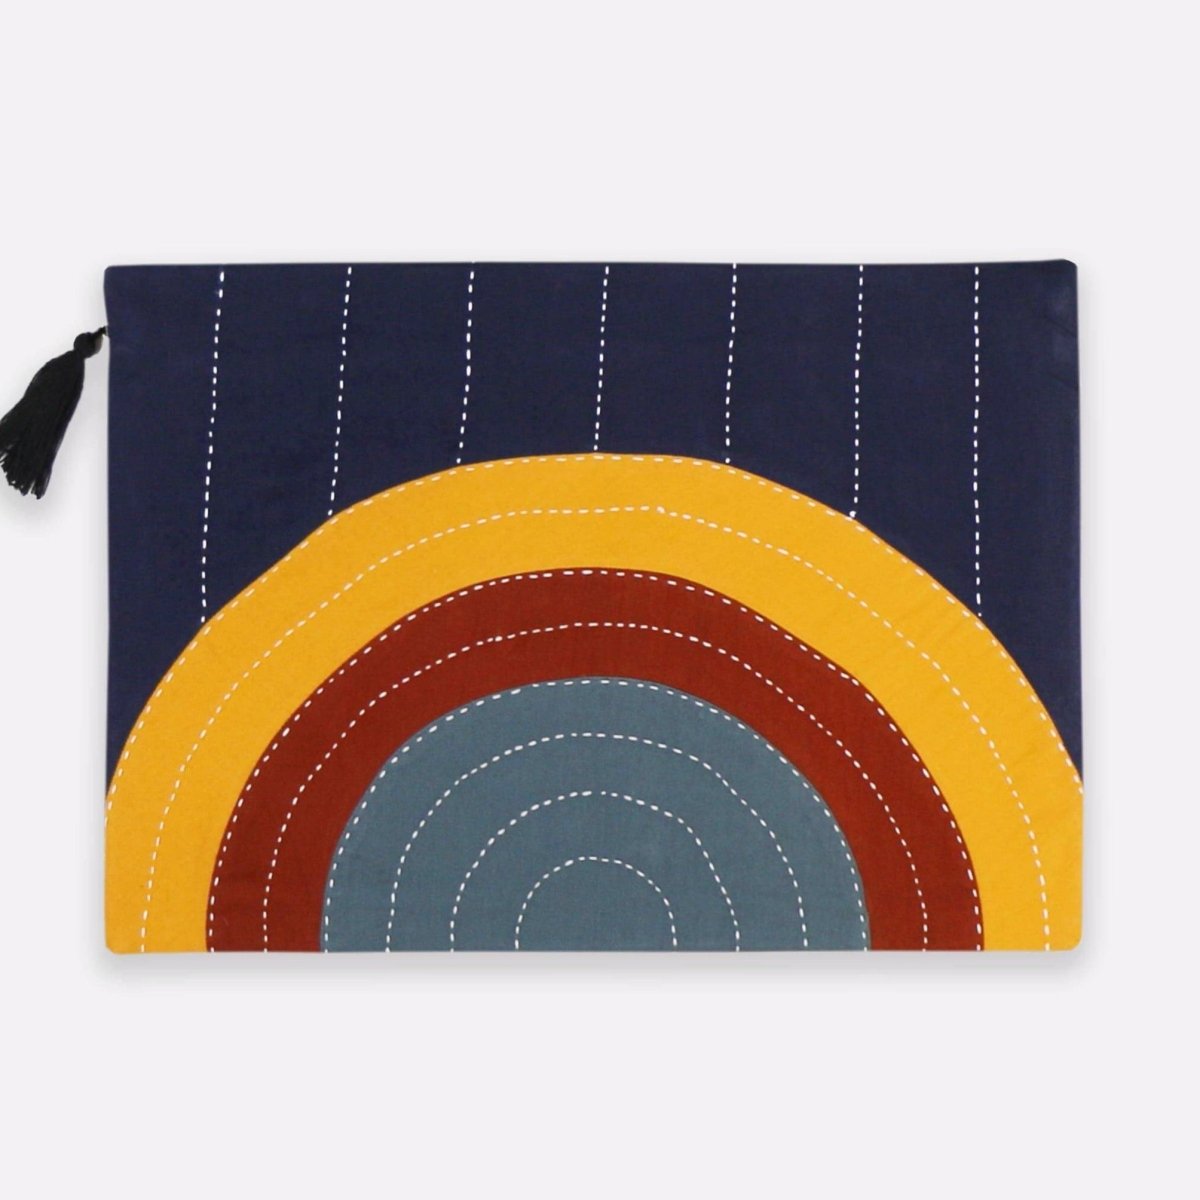 Back side of oversized square pouch with a cross-stitched concentric pattern in various colors. Includes zipper with a black tassel. Designed by Anchal in Louisville, Kentucky and handmade in Ajmer, India.
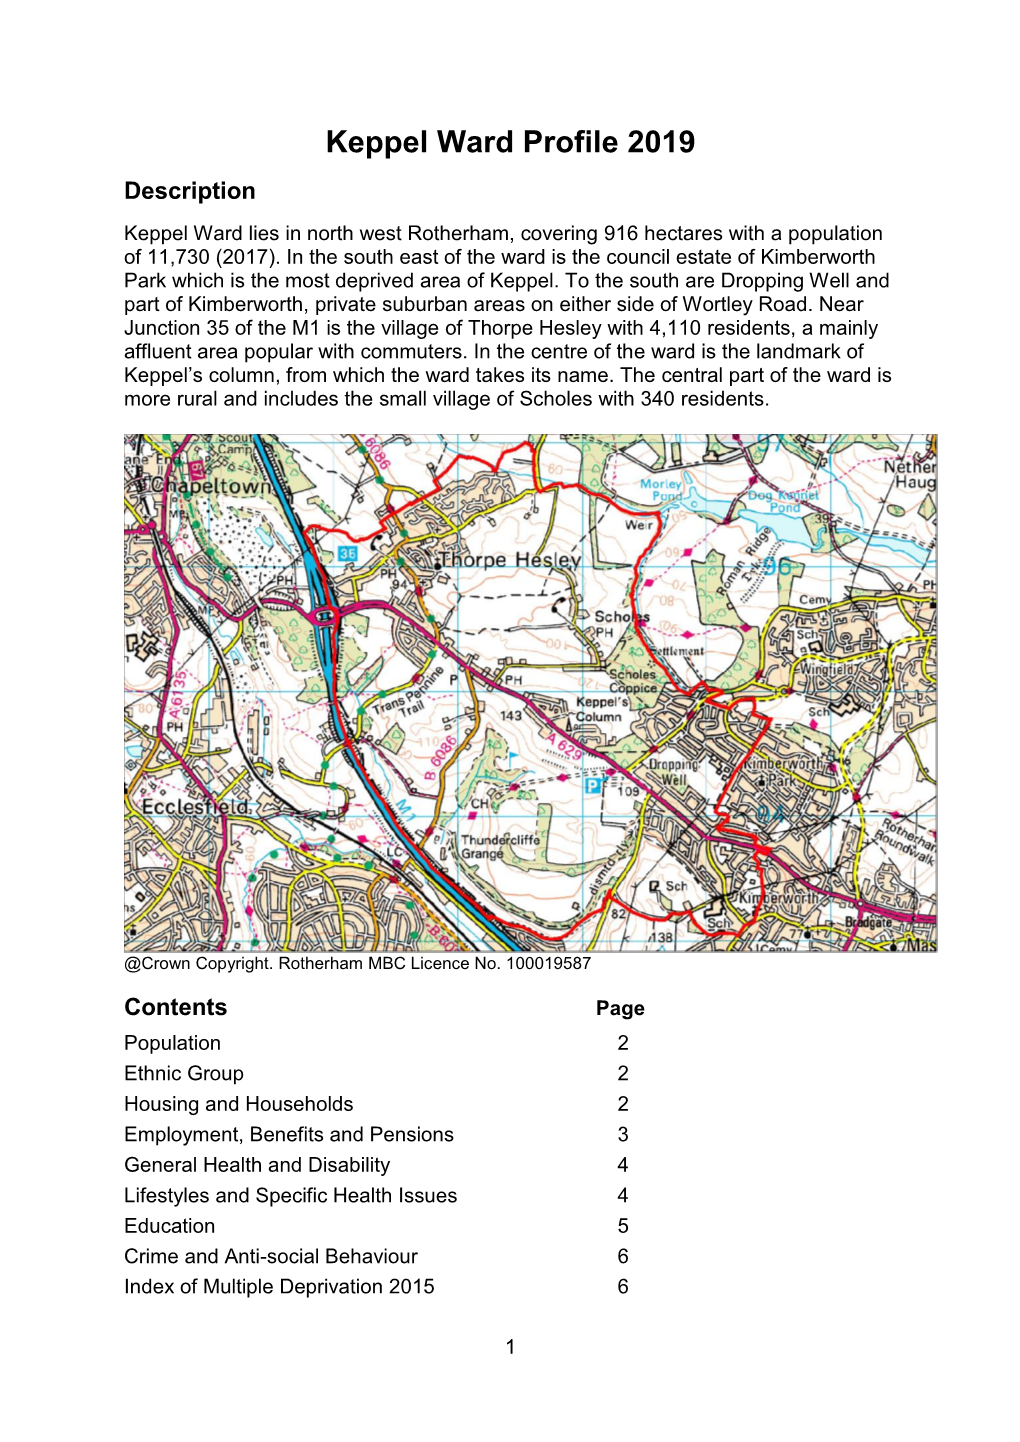 Keppel Ward Profile 2019 Description Keppel Ward Lies in North West Rotherham, Covering 916 Hectares with a Population of 11,730 (2017)
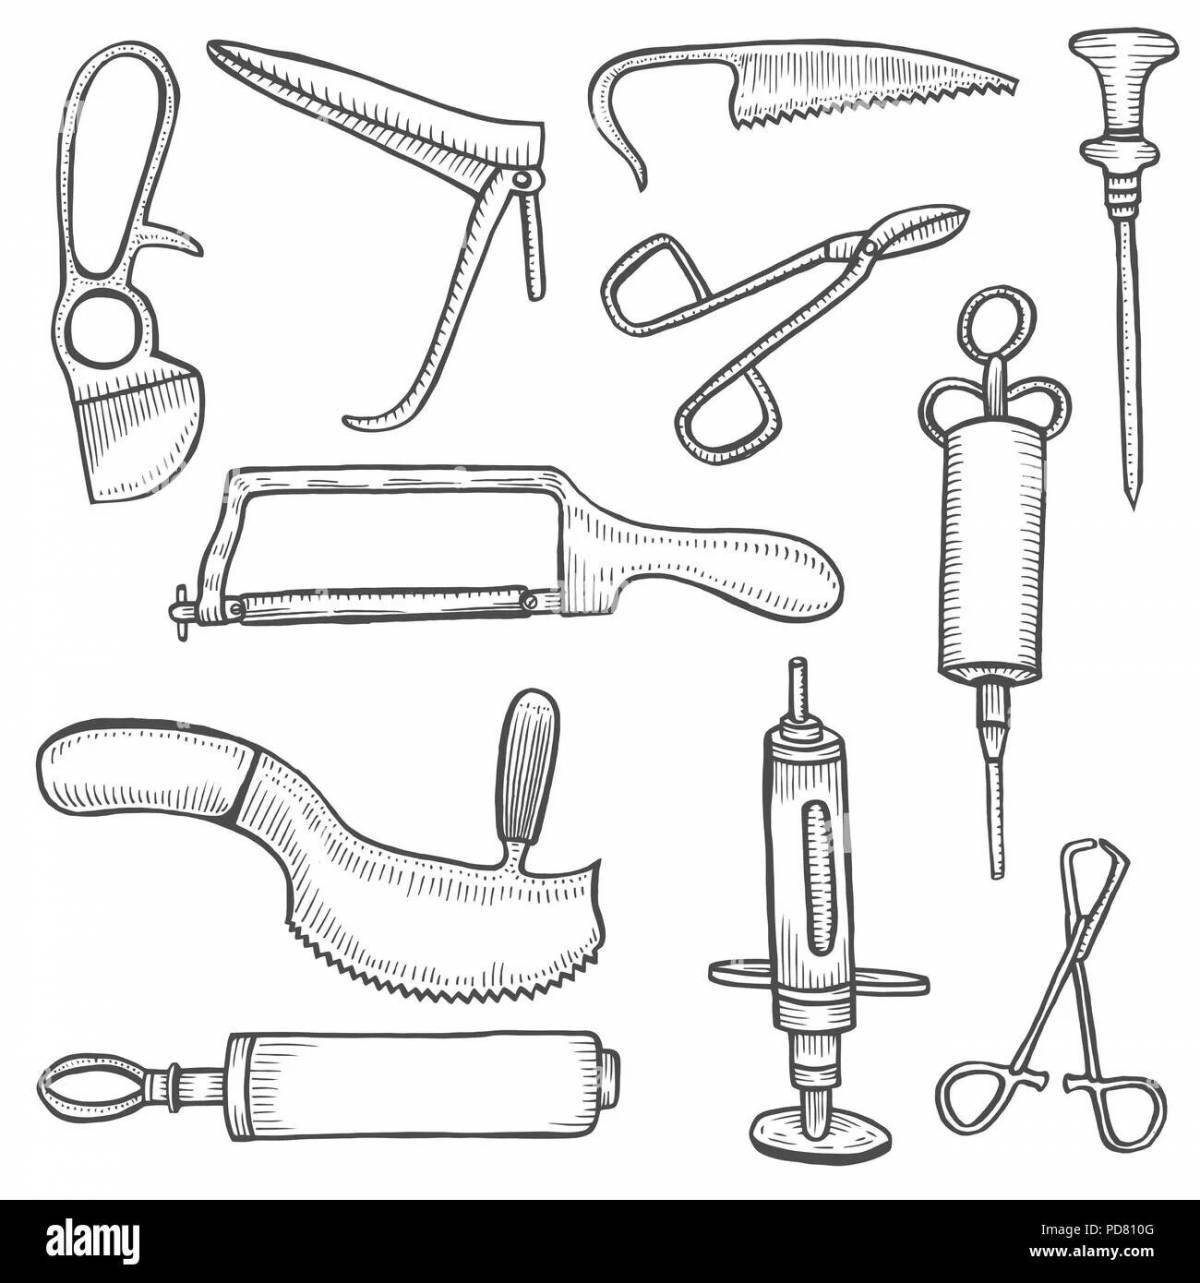 Adorable medical instruments coloring book

□ □ □ □ □

## TASK ITEM
Lines from the one containing "Keppel Ward Profile" through the end of the material above must be reproduced exactly; pictures must not be.

## SOLUTION TO THIS PROBLEM
 Keppel Ward Profile 2019 Description Keppel Ward Lies in North West Rotherham, Covering 916 Hectares with a Population of 11,730 (2017)
 Adorable medical instruments coloring book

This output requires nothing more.